De portretsituatie installeert een ruimte vol met potentiële conflicten: die tussen model en fotograaf, tussen model en camera en tussen camera en fotograaf. Meer dan eens moet het portret bevochten worden op de dictatoriale wil van de fotograaf én de onverschilligheid van de camera, het thema van de derde en vierde zaal. De reeks Selbstdarstellungen van Heinrich Riebesehl in de derde zaal vormt daar een perfecte illustratie van. In deze reeks geeft de fotograaf het beslissingsproces uit handen en laat de geportretteerden (vaak een koppel of twee vrienden) zelf hun portret maken. Hij staat hen toe hun pose te controleren met behulp van een spiegel die naast de camera staat opgesteld en geeft hen een zelfontspanner in handen. Belangrijke beperking: ze mogen maar één enkel beeld maken, waardoor Riebesehls subjectiviteit bij de uiteindelijke presentatie van de beelden nog meer wordt ingeperkt. Het resultaat is een reeks innemende beelden van lichamen die zichzelf aarzelend (en soms paniekerig) een houding proberen te geven. De afwezigheid van een fotograaf, bij wie ze bevestiging zouden kunnen vinden, zorgt dat ze enkel kunnen terugvallen op hun eigen verbeelding. Meteen transformeert de geïmproviseerde portretstudio in een laboratorium waar er naarstig wordt gezocht naar een ‘juiste’ afstemming tussen het eigen zelfbeeld, het sociaal aanvaarde (of gewenste) zelfbeeld en het geprojecteerde ‘objectieve’ beeld dat de spiegel hen aanreikt. Een heikele evenwichtsoefening die vaak voor een hilarisch geschipper zorgt.
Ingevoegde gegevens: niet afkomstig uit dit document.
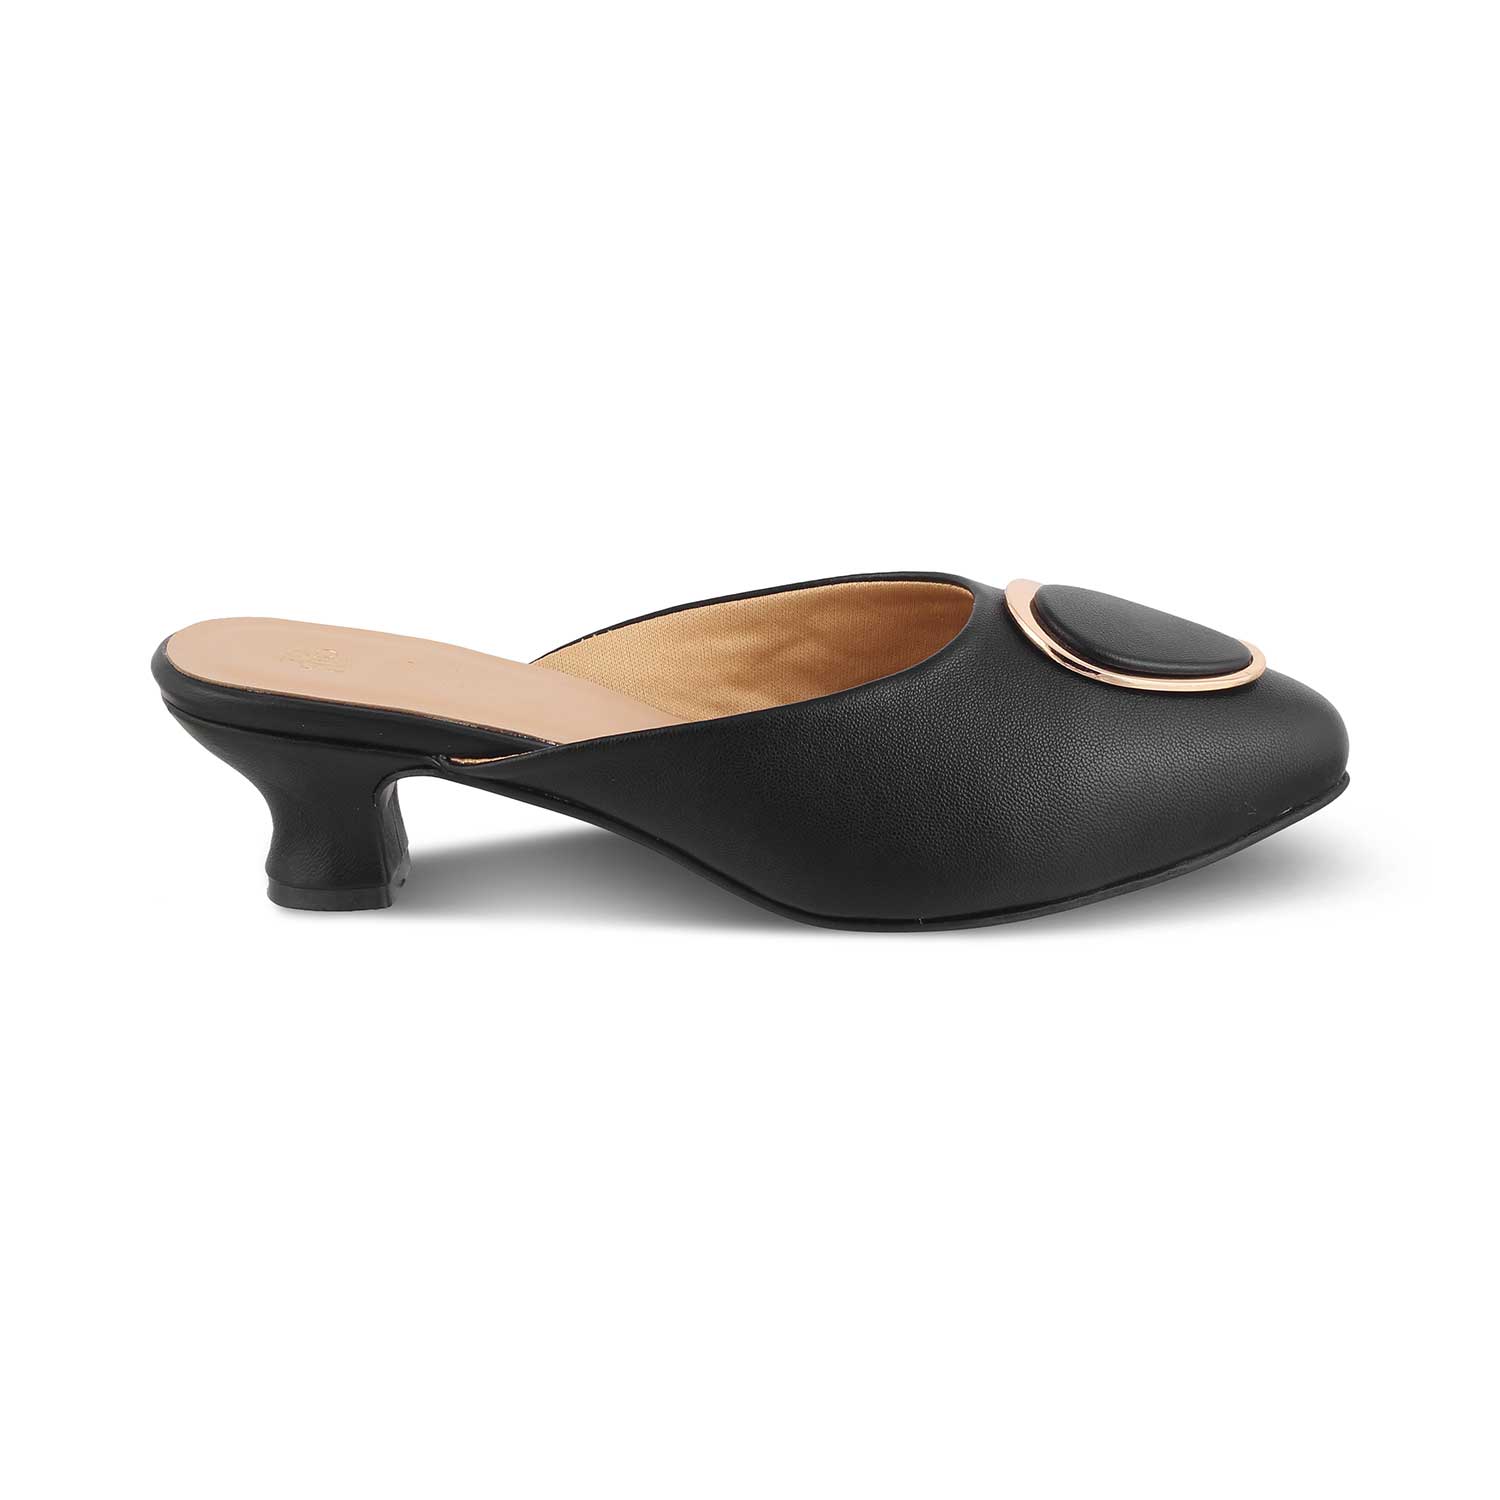 Buy Black Women's Sandals The Jelew Black Tresmode

In elke zaal wordt eenzelfde spanningsboog geschetst: van een overmoedig (naïef?) vertrouwen in de potentie van het fotografische portret om dat enigmatische en enigszins aanmatigend wezen dat zichzelf een ‘individu’ noemt in beeld te kunnen brengen, naar een fundamenteel wantrouwen waarbij vooral de onvoorstelbaarheid van dat unieke zelf wordt beklemtoond. In de tentoonstelling wordt dit kwijnend geloof in het fotografische portret vooral gelezen als het resultaat van een relatief recente ontwaarding van het begrip ‘individu’. Niet de gebruikte fotografische strategie, maar de maatschappelijke context waarbinnen het fotografisch portret functioneert, bepaalt uiteindelijk hoe het beeld gelezen wordt. De reeks identiteitsfoto’s van Thomas Ruff demonstreert de hedendaagse onttakeling van het individu wellicht het indringendst: hier verschijnt het geformatteerde individu, dat wil zeggen het individu dat niet langer een uniciteit mag opeisen die verder gaat dan een louter decoratieve opsmuk.

 

Fotografie und Individuum. Porträtkonzepte loopt nog tot 4 april in het Folkwang Museum, Museumplatz 1, 45128 Essen (201/8845.444; www.museum-folkwang.de).